DNA Parçalanması için Ultrasonikatörler

Hielscher Ultrasonics DNA, RNA ve kromatin parçalanması için çeşitli ultrason tabanlı platformlar sunar. Bu farklı platformlar ultrasonik problar (sonotrodes), birden fazla tüp veya çok kuyulu plakaların (örneğin, 96 kuyu plakaları, mikrotiter plakalar), sonoreactors ve ultrasonik cuphorns eşzamanlı numune hazırlanması için dolaylı sonication çözümleri içerir. DNA kesme için tüm platformlar, hassas bir şekilde kontrol edilebilen ve tekrarlanabilir sonuçlar sunan frekans ayarlı, yüksek performanslı ultrasonik işlemciler tarafından desteklenmektedir.

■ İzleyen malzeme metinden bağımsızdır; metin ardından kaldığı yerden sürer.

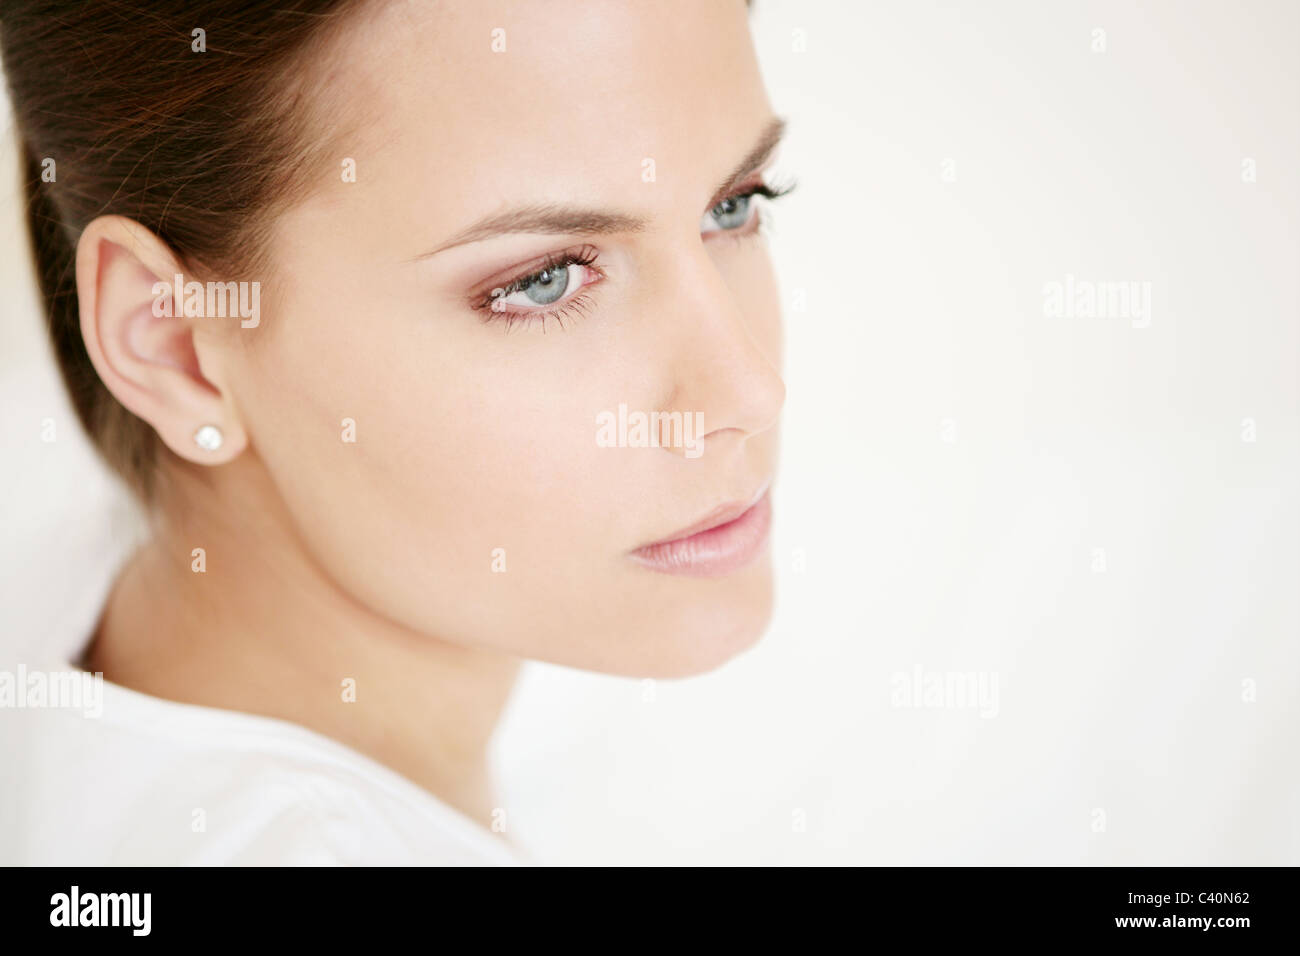 Visage, jeune, femme, vitalité, frais, composent, modèle, adulte, femme, tête, beauté, 20-25 Photo Stock

Herhangi Bir Örnek Numarası ve Boyutu için Ultrasonik İşlemciler

Hielscher'ın çok örnekli ultrasonicators VialTweeter (10 test tüpüne kadar) ve UIP400MTP (mikroplakalar / multiwell plakalar için) ile istenen DNA parça boyutu dağılımını ve verimini elde ederken yoğun ve hassas bir şekilde kontrol edilebilir ultrasonikasyon nedeniyle numune işleme süresini azaltmak kolayca mümkün hale gelir. Ultrasonik DNA parçalanması, plazmid hazırlama adımlarını verimli, güvenilir ve ölçeklenebilir hale getirir. Protokoller, sabit ultrason parametreleri uygulanarak bir numuneden çok sayıda örneğe doğrusal olarak ölçeklendirilebilir.
Bir ila beş parmaklı prob ultrasonicators daha küçük örnek numaralarının hazırlanması için idealdir. Hielscher'ın laboratuar ultrasonicators DNA ile ilgili uygulama için ideal ultrasonik bozucu seçebilirsiniz böylece farklı güç düzeyleri ile mevcuttur.